Box plot of landmark points in Dirlab; green indicates the data before registration, yellow is the data after registration of the proposed method, and purple represents the data after 3D/3D registration using Demons.

In addition, our method can complete 2D/3D registration in 1.2 s. In contrast, other data-driven 2D/3D registration models, such as [20], may take a few seconds. On the other hand, traditional image registration methods may take tens of minutes or even hours. Our method also only needs two different angles of X-rays, which greatly reduces the amount of radiation and makes the hardware in the clinic easier to use. Of course, our method also has some limitations. First of all, since real medical images do not exist at the same moment of paired orthogonal angles of X-ray and corresponding 3D CT, we use 2D DRR. Although DRR and real X-ray use the same imaging way, it is undeniable that there are some grayscale and noise differences between the two. However, it can be corrected by using existing methods, such as histogram matching [24], network of GAN [25], etc., which is not the main focus of our study.

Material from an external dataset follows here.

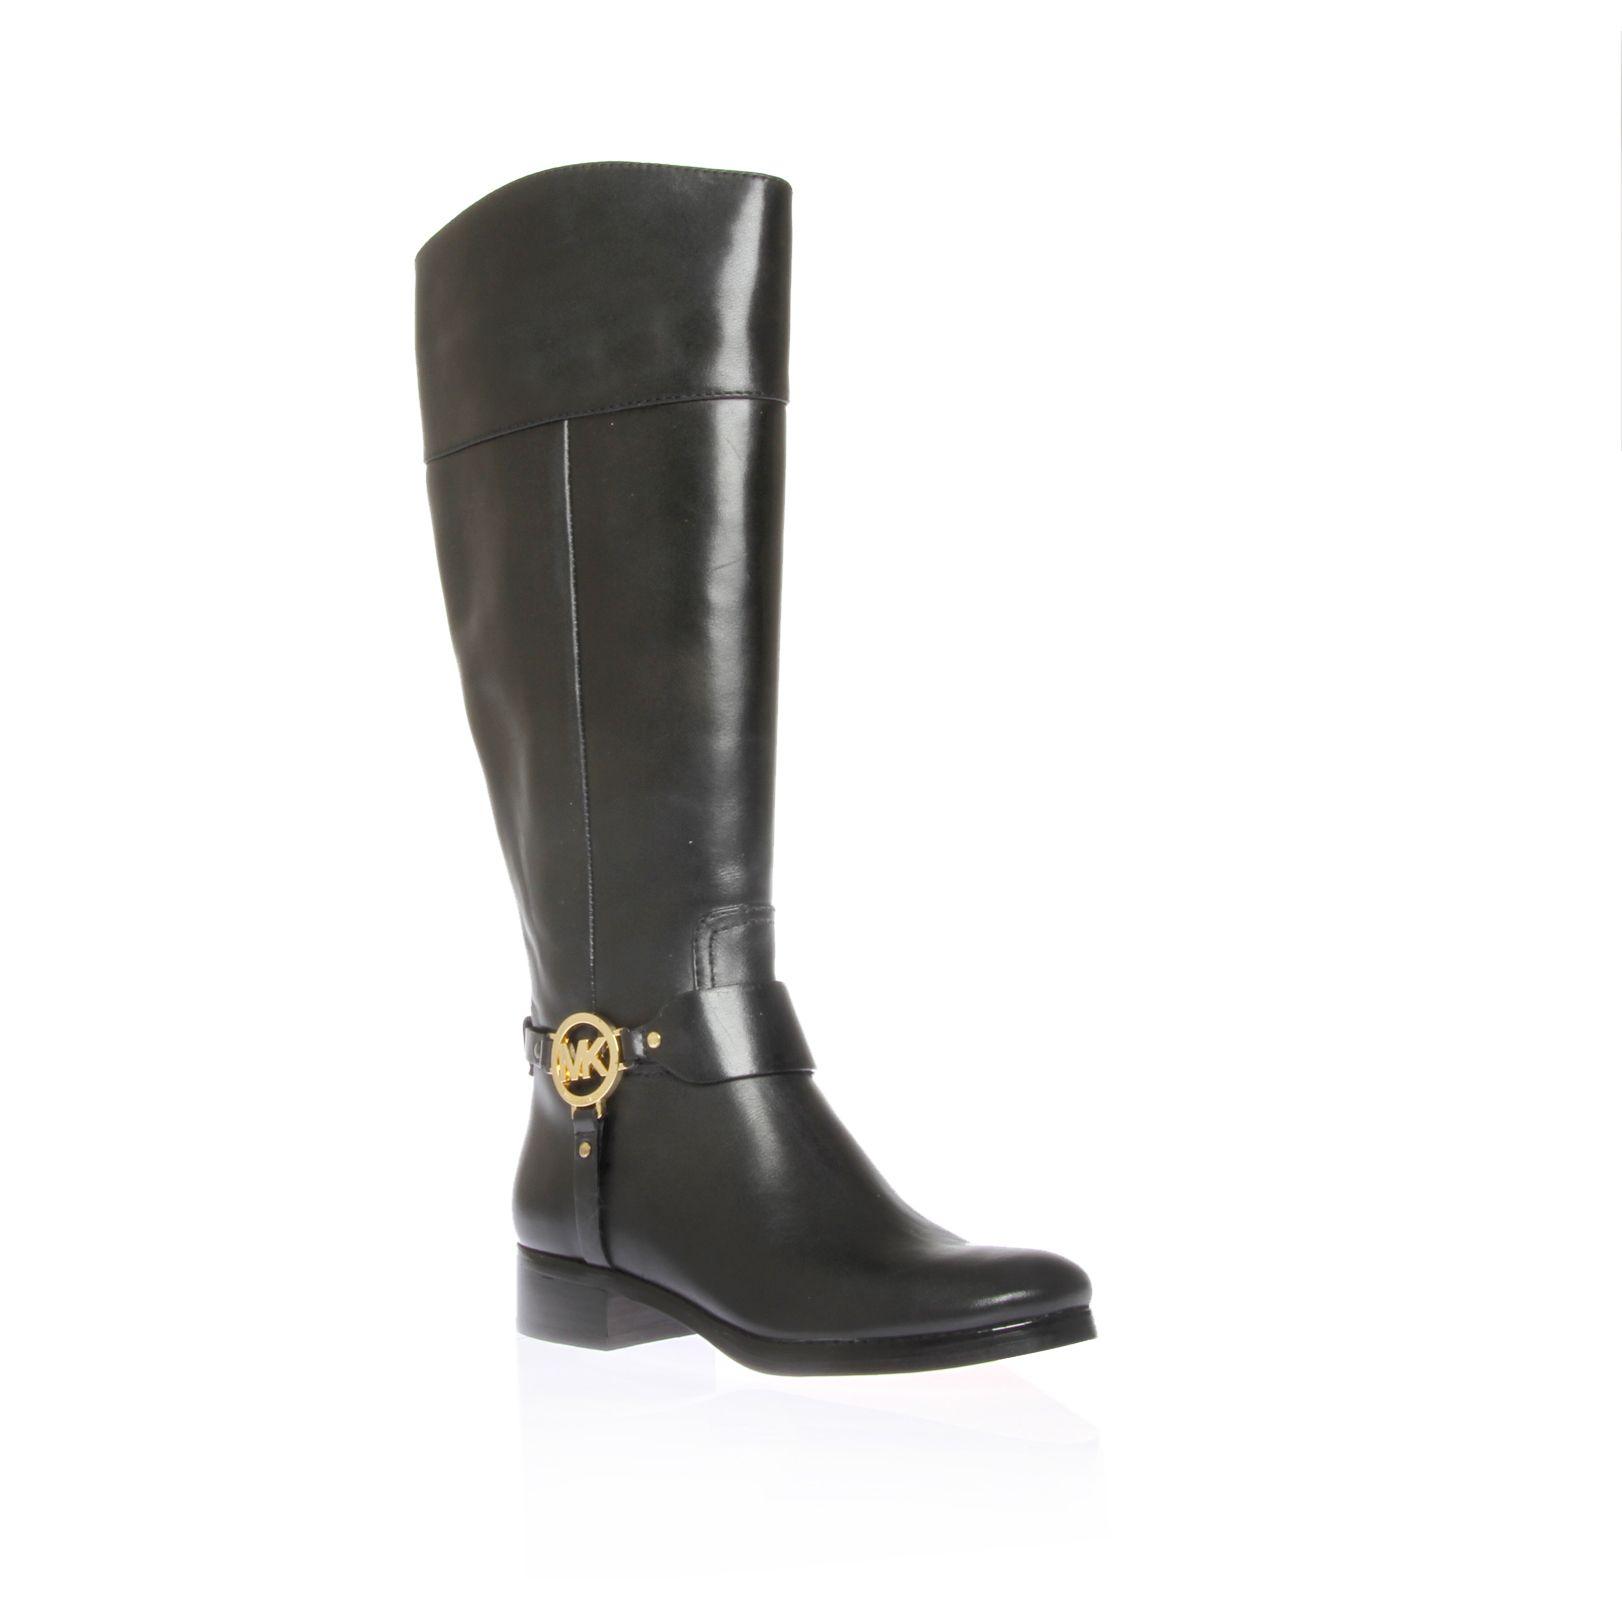 Womens Michael Kors Shoes Uk

We will also make some improvements to the program to speed up the processing speed for radiotherapy or interventional procedures that require more real-time, etc. In addition, since there are few non-rigid 2D/3D registration articles, the code is not open source. We have yet to choose a suitable comparison experiment, and we will continue to look for it in the future.

6. Conclusions

This study proposes a deep learning-based 2D/3D registration method using two orthogonal angular X-ray projection images. The proposed algorithm has been verified on lung data with and without tumor and phantom data, and obtained high registration accuracy, where Dice and NCC are greater than 0.97 and 0.92. In addition, we evaluated the accuracy on the data containing tumor, and the tumor center-of-mass error was within 0.15 mm, which indicates the promising use of our model for tumor tracking. The registration time is within 1.2 s, and this is promising for clinical applications, such as radiotherapy or surgical navigation, to track the shape of organs in real time. Moreover, we only need to use two orthogonal angles of X-rays to achieve 2D/3D deformable image registration, which can greatly reduce the extra dose during treatment and simplify the hardware system required.

Acknowledgments

We thank The Cancer Imaging Archive (TCIA) and Emory University School of Medicine (4D CT) for public access and for sharing their datasets.

Abbreviations

The following abbreviations are used in this manuscript:

2D Two-dimensional
3D Three-dimensional
DSA Digital Subtraction Angiography
CT Computed Tomography
MRI Magnetic Resonance Imaging
DRR Digitally Reconstructed Radiographs
NCC Normalized cross-correlation
PCA Principal Component Analysis
CNN Convolutional Neural Network
GPU Graphic Processing Unit(GPU)
3D Attu 3D Attention-U-net
MI Mutual Information
TPS Thin plate spline
mTRE Mean Target Registration Error

Author Contributions

Conceptualization, G.D., J.D., Y.X. and X.L.; methodology, J.D. and X.L.; software, J.D.; validation, N.L.; investigation, N.L., W.H. and X.L.; data curation, G.D. and J.D.; writing—original draft preparation, G.D. and J.D.; writing—review and editing, C.Z., W.H., L.L., Y.C., L.L. Y.L. and X.L.; visualization, L.L. and X.L.; supervision, X.L. All authors have read and agreed to the published version of the manuscript.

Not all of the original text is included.